My understanding is the case in the OB does not require `__restrict`. `value` can point to any of the 4 fields of `dest`, it is okay to only read it once even in that case. Of course, maybe the data flow analysis is more conservative than that, but I wouldn't necessarily point to this case as one where data flow analysis is working "correctly".
February 14
On 13.02.24 07:02, Bruce Carneal wrote:
> 
> To reuse the value the compiler would have to prove that the memory locations do not overlap.

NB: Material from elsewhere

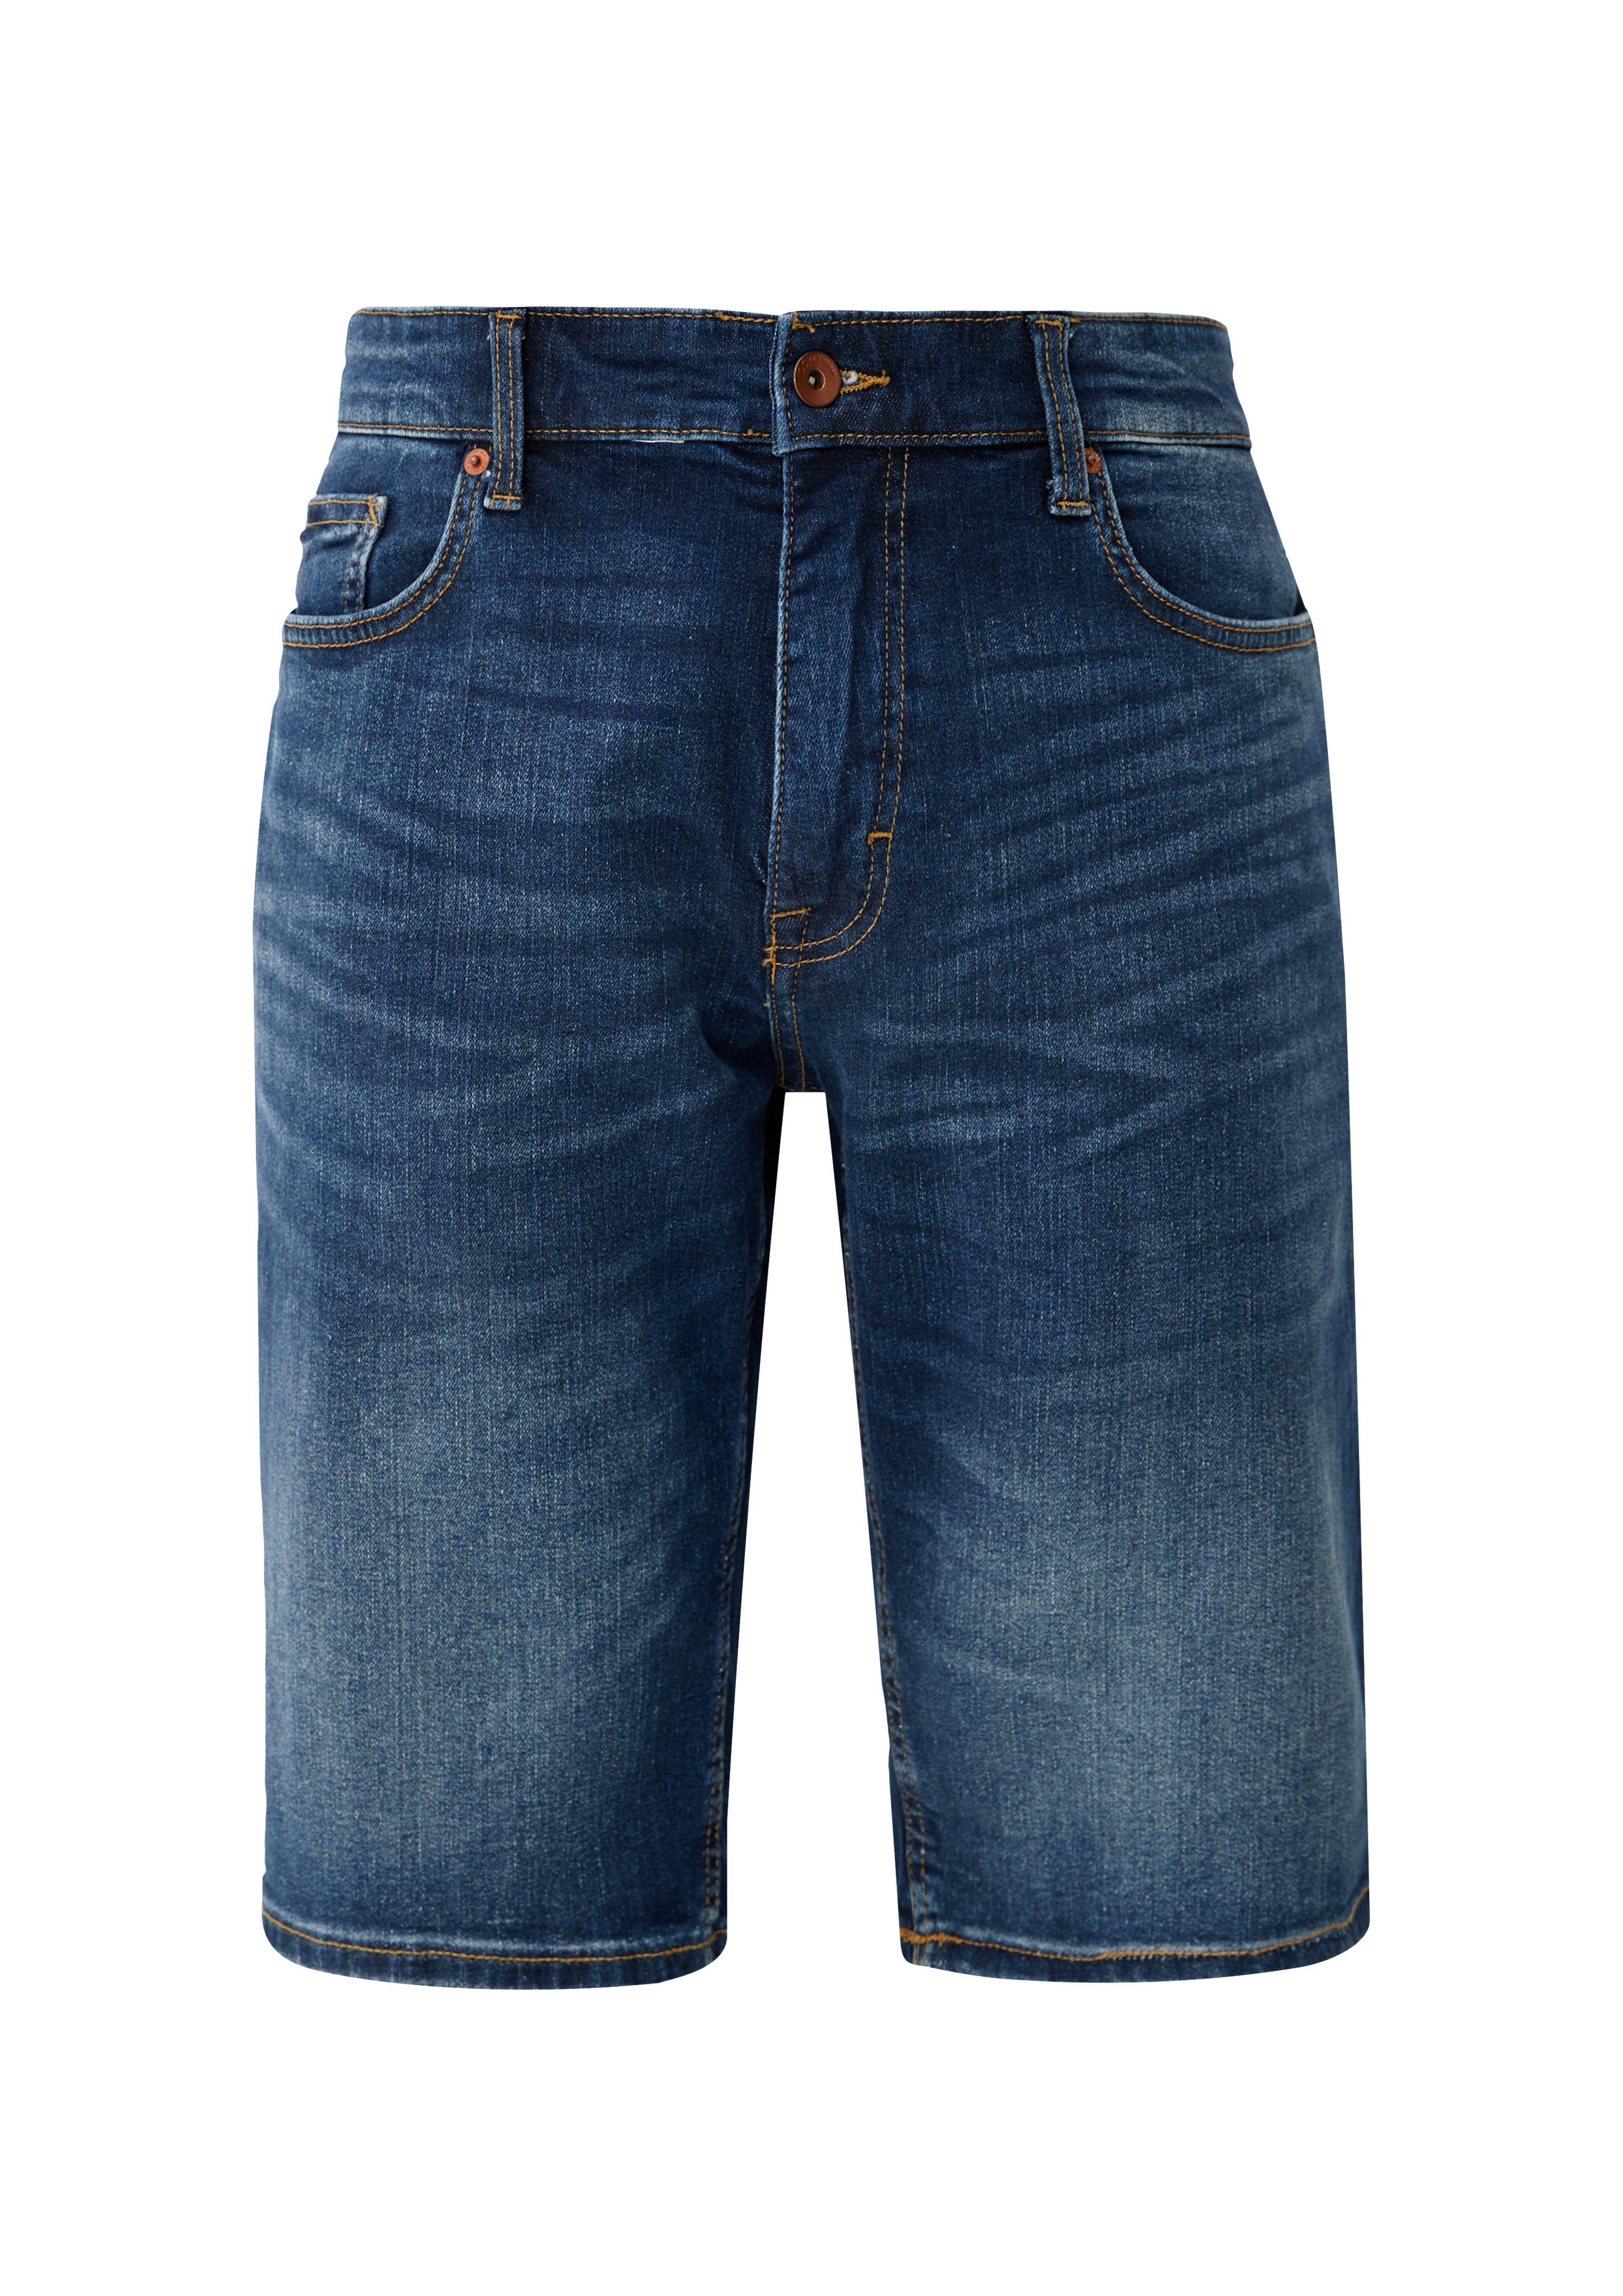 / Waschung Fit Jeans-Bermuda Jeansshorts Regular Rise Mid Leg / John QS / dunkelblau Straight

Not really, it only has to show that the value in the memory location has not changed since the last read.
February 14
On Wednesday, 14 February 2024 at 11:46:24 UTC, Timon Gehr wrote:
> On 13.02.24 07:02, Bruce Carneal wrote:
>> 
>> To reuse the value the compiler would have to prove that the memory locations do not overlap.
>
> Not really, it only has to show that the value in the memory location has not changed since the last read.

True.  I jumped to the general case where I'd seen sub optimal code gen.  I should have commented on both the given special, stationary, case and the more general.


February 14

On Wednesday, 14 February 2024 at 04:49:28 UTC, Walter Bright wrote:

>

This isn't a case of buggy DFA. It's a case of doing DFA correctly.

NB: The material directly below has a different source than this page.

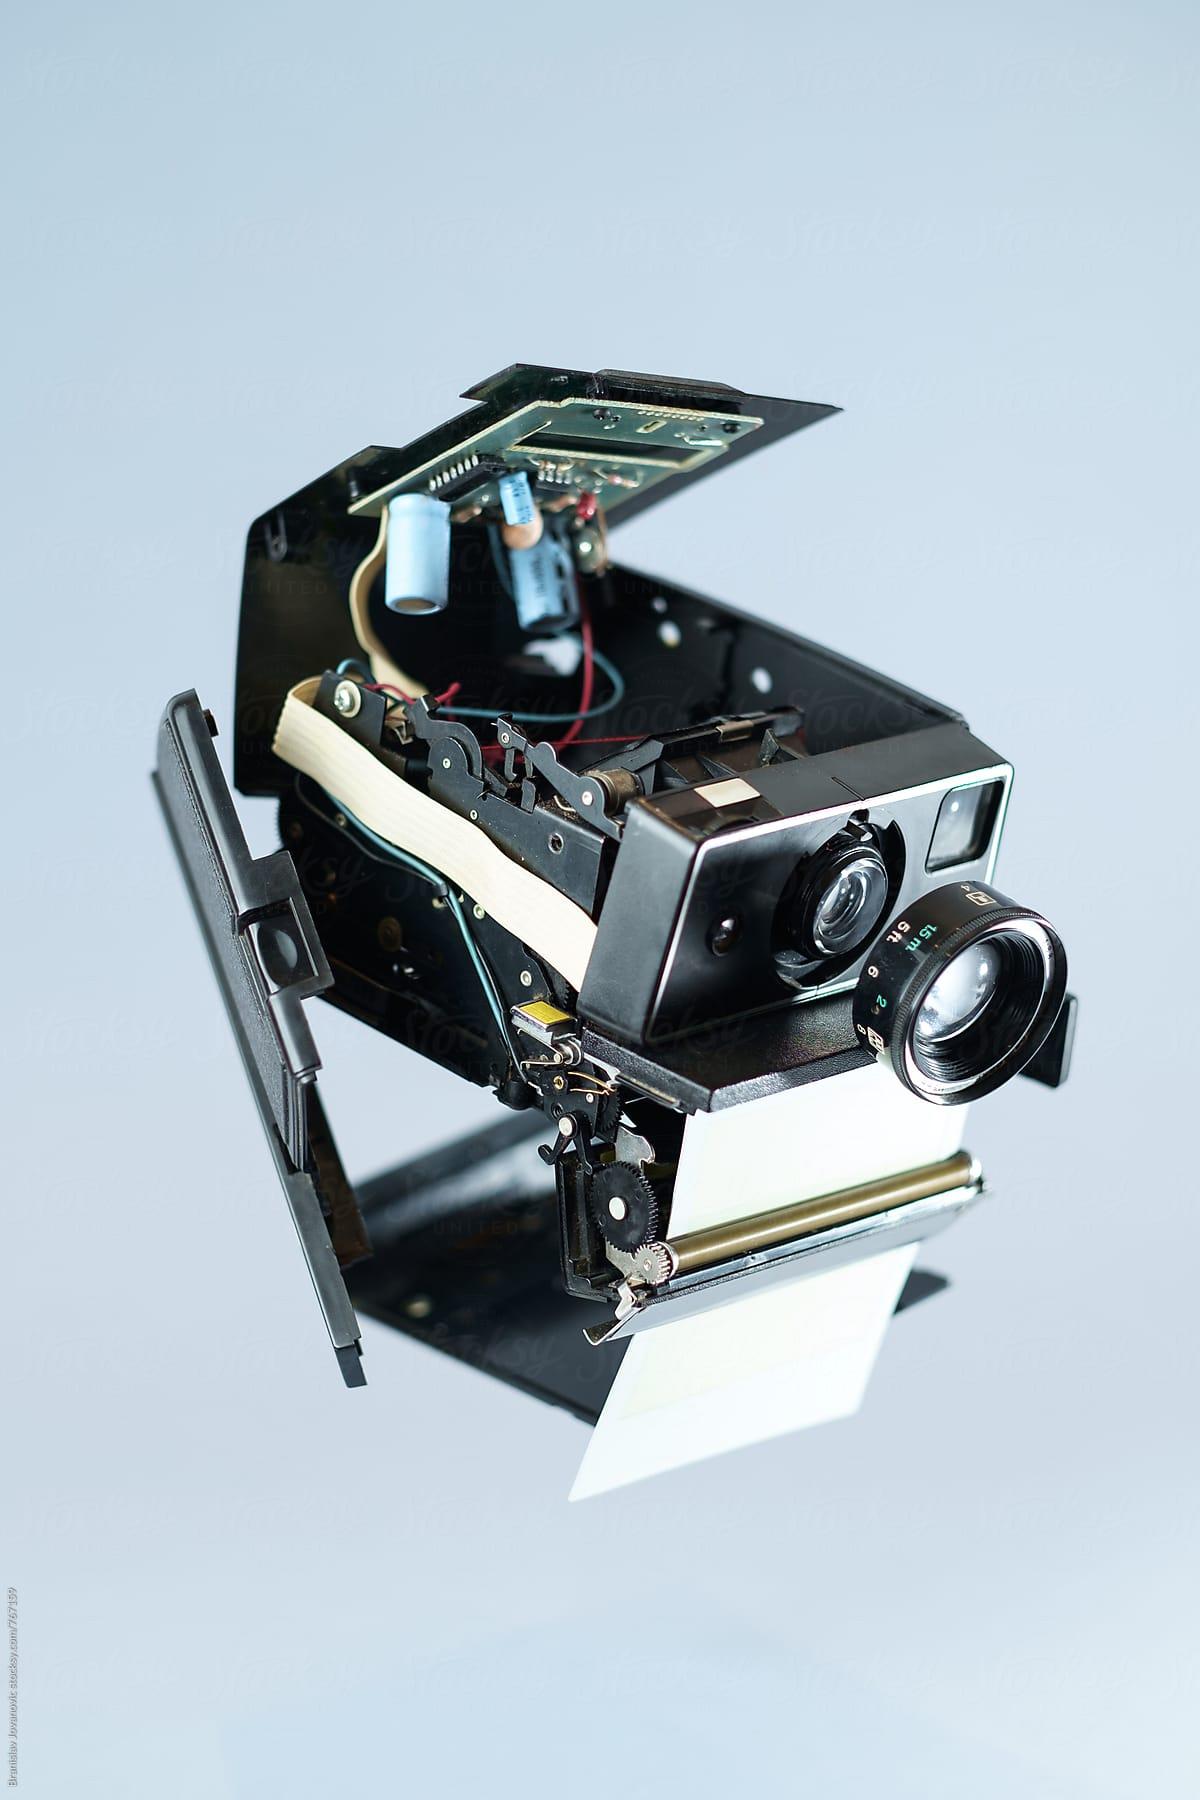 Disassembled Old Polaroid Camera Floating

The issue is pointer aliasing. A pointer can point to anything, including const data. Therefore, storing through a pointer can alter any value that is reachable via a pointer. Therefore, storing through a pointer invalidates any cached value already read.

This is what you're seeing.

C99 tried to address this with __restrict, but few people use it or understand it. D didn't bother with it because people will inevitably misuse __restrict and get their data mysteriously corrupted.

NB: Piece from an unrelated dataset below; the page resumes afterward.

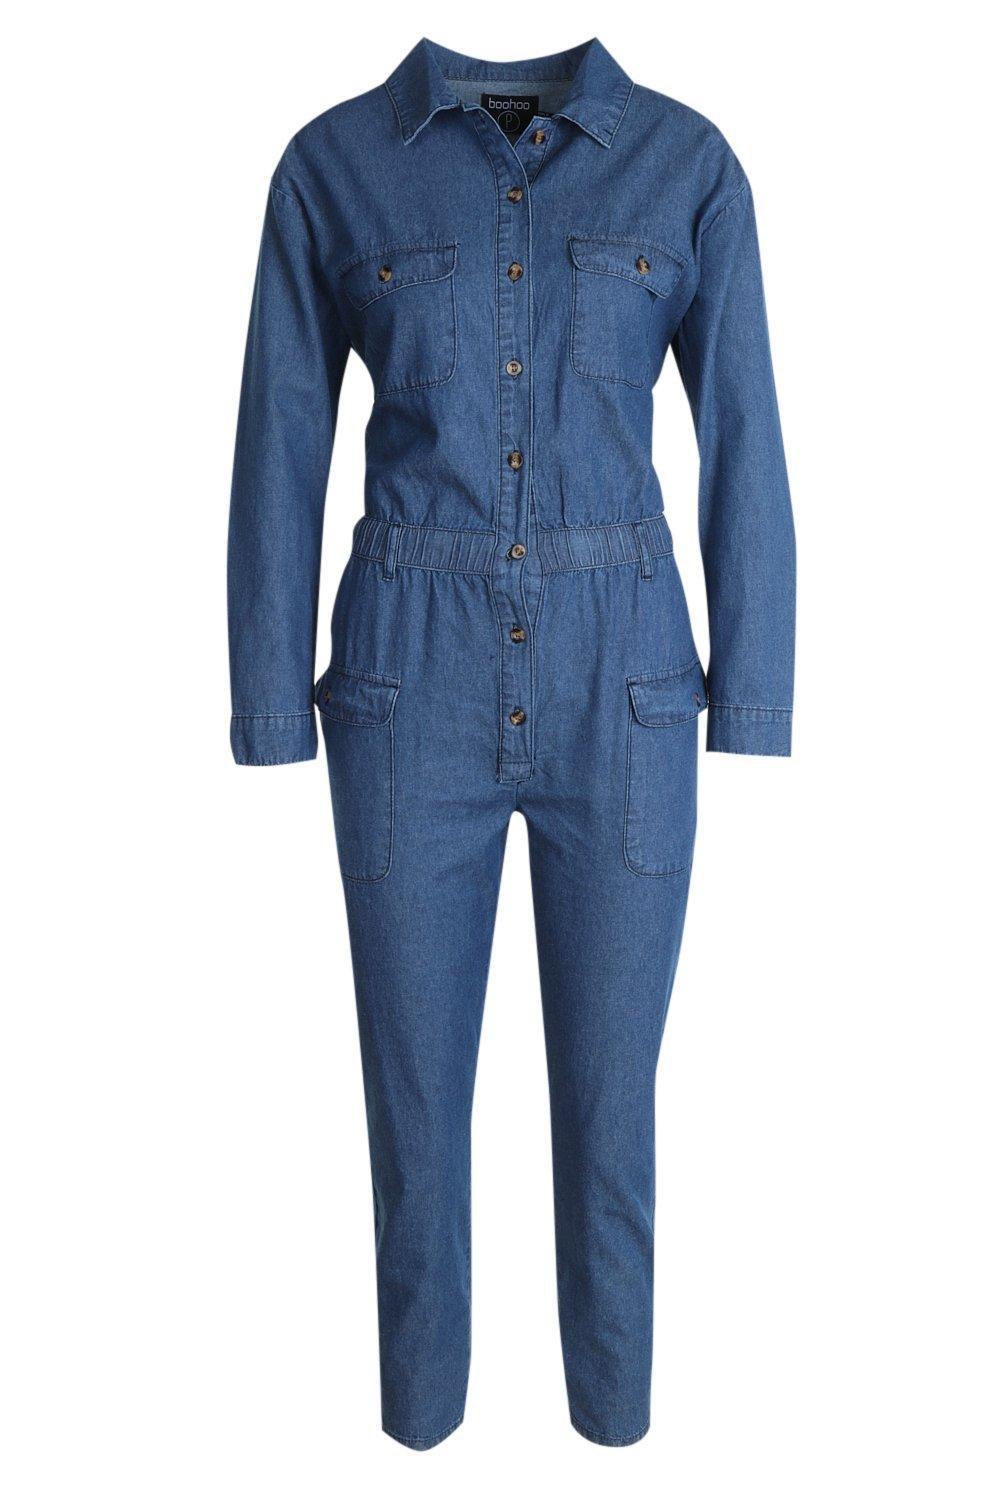 Boohoo Petite Denim Boiler Suit in Blue - Lyst

This, here, is the answer.

Moral of the story, use (gdc, ldc) vendor attributes if you really care.

import core.attribute;

void fillBP(@restrict uint* dest, uint* value)
{
    //...
February 16

On Tuesday, 13 February 2024 at 13:30:11 UTC, Johan wrote:

>

I hope someone can find the link to some DConf talk (me or Andrei) or forum post where I talk about why LDC assumes that immutable(uint*) points to mutable (nota bene) data. The reason is the mutable thread synchronization field in immutable class variable storage (__monitor), combined with casting an immutable class to an array of immutable bytes.

Side-effects in-between immutable(uint*) lookup could run into a synchronization event on the immutable data (i.e. mutating it).

Shouldn't it be okay for immutable(uint*) to not access __monitor? I think, __monitor should work outside of type safety, like reference counting, then immutability won't matter.

shared(Object.Monitor*) getMonitor(immutable Object o)
{
	size_t addr=cast(size_t)cast(void*)&o.__monitor;
	return cast(shared(Object.Monitor*))(addr-20+20);
}

Is it legal for optimizer to cast away restrict qualifier like this?

February 16
On 16/02/2024 10:34 PM, Kagamin wrote:
> On Tuesday, 13 February 2024 at 13:30:11 UTC, Johan wrote:
> 
>     I hope someone can find the link to some DConf talk (me or Andrei)
>     or forum post where I talk about why LDC assumes that
>     |immutable(uint*)| points to /mutable/ (nota bene) data. The reason
>     is the mutable thread synchronization field in immutable class
>     variable storage (|__monitor|), combined with casting an immutable
>     class to an array of immutable bytes.
> 
>     Side-effects in-between immutable(uint*) lookup could run into a
>     synchronization event on the immutable data (i.e. mutating it).
> 
> Shouldn't it be okay for immutable(uint*) to not access |__monitor|? I think, |__monitor| should work outside of type safety, like reference counting, then immutability won't matter.

That covers immutable, but not immutable that has become const.

The only way I can see it working reliably is to simply turn off the mutex when it is immutable.
February 16
On Friday, 16 February 2024 at 09:56:50 UTC, Richard (Rikki) Andrew Cattermole wrote:
> That covers immutable, but not immutable that has become const.

That's fine, const can't be restrict qualified unconditionally, but immutable can.